Naming and Locating Your Project
Choose an appropriate name and location for the project and click the Create
button. By default, the .dll
file will use the project name.
Configuring the Release Build
Once the project opens in Visual Studio, we must configure it for a Release
build. At the top of the window, open the Solution Configurations dropdown menu and select Release
.
Installing ONNX Runtime via NuGet
With the project configured, it’s time to install ONNX Runtime. For this tutorial, we will install ONNX Runtime with the DirectML execution provider. DirectML is a high-performance, hardware-accelerated DirectX 12 library for machine learning on Windows. It provides GPU acceleration for machine learning tasks across a broad range of supported hardware and drivers.
We can install ONNX Runtime with DirectML directly into our project via the NuGet package manager integrated with Visual Studio.
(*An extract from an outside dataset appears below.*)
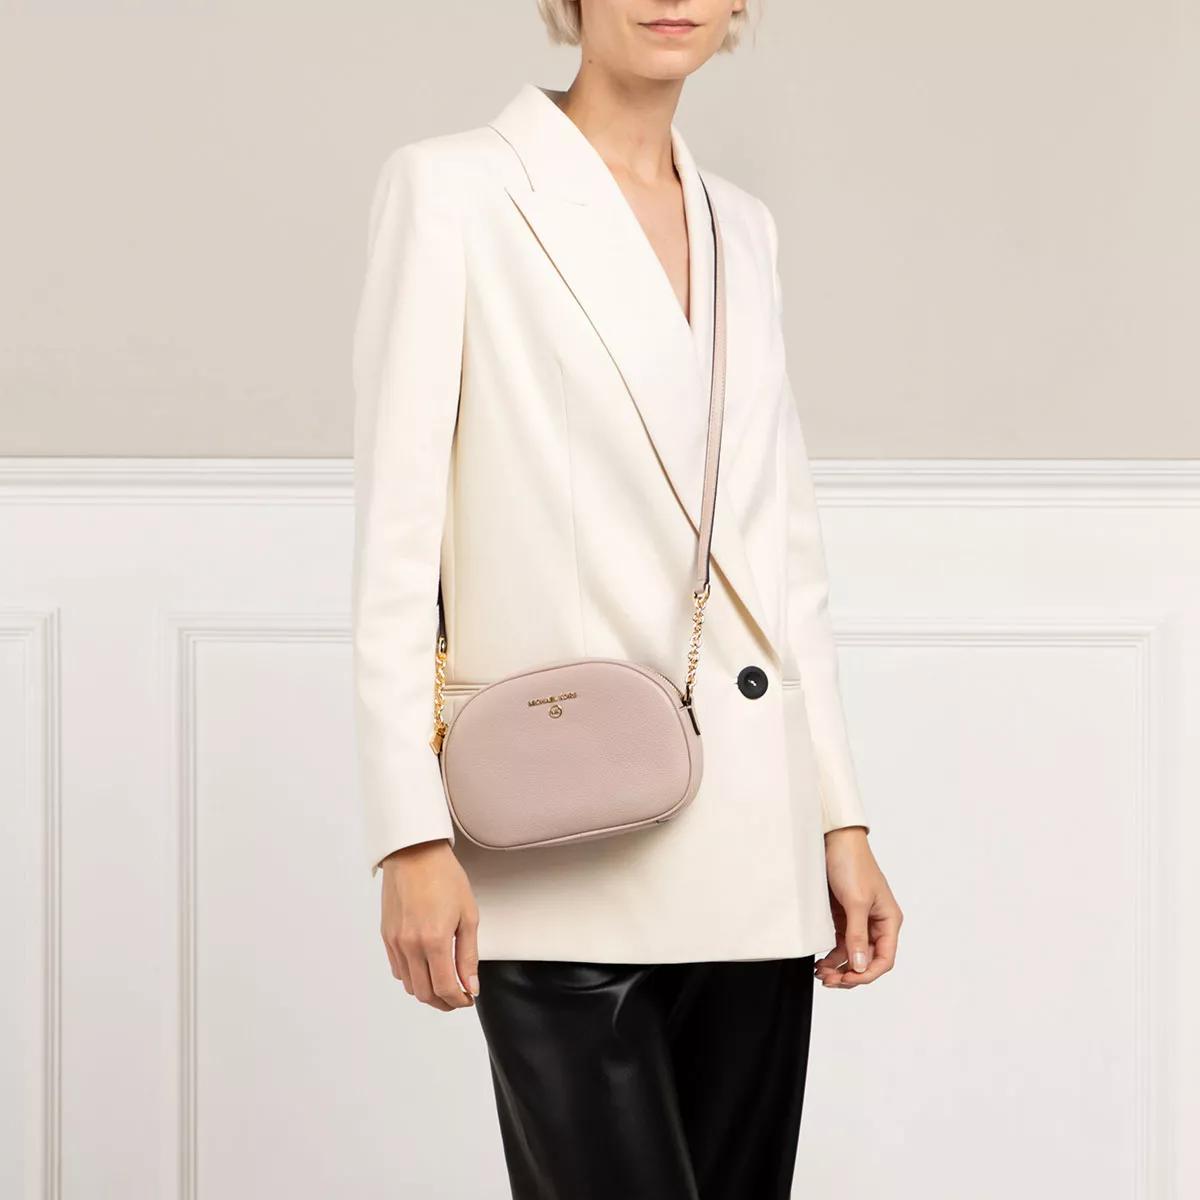 Michael Kors Mercer Medium Pebbled Leather Crossbody Bag- Soft Pink

Accessing NuGet Packages in Visual Studio
Open the Project
menu and select Manage NuGet Packages...
from the dropdown menu.
Searching for the ONNX Runtime Package
Within the NuGet tab, select the Browse
option and enter Microsoft.ML.OnnxRuntime.DirectML
into the search box.
Installing the Package
Select the appropriate package from the search results. For this tutorial, we’ll be using version 1.16.1
. Click on the Install
button to add it to your project.
Confirming the Installation
A confirmation popup will appear detailing the pending changes to the project. Review these and then click Apply
to proceed.
Including the ONNX Runtime Header Files
Now that we have ONNX Runtime installed, it’s time to dive into the code. First, we must include the header files for ONNX Runtime and the DirectML extension to access their functionality.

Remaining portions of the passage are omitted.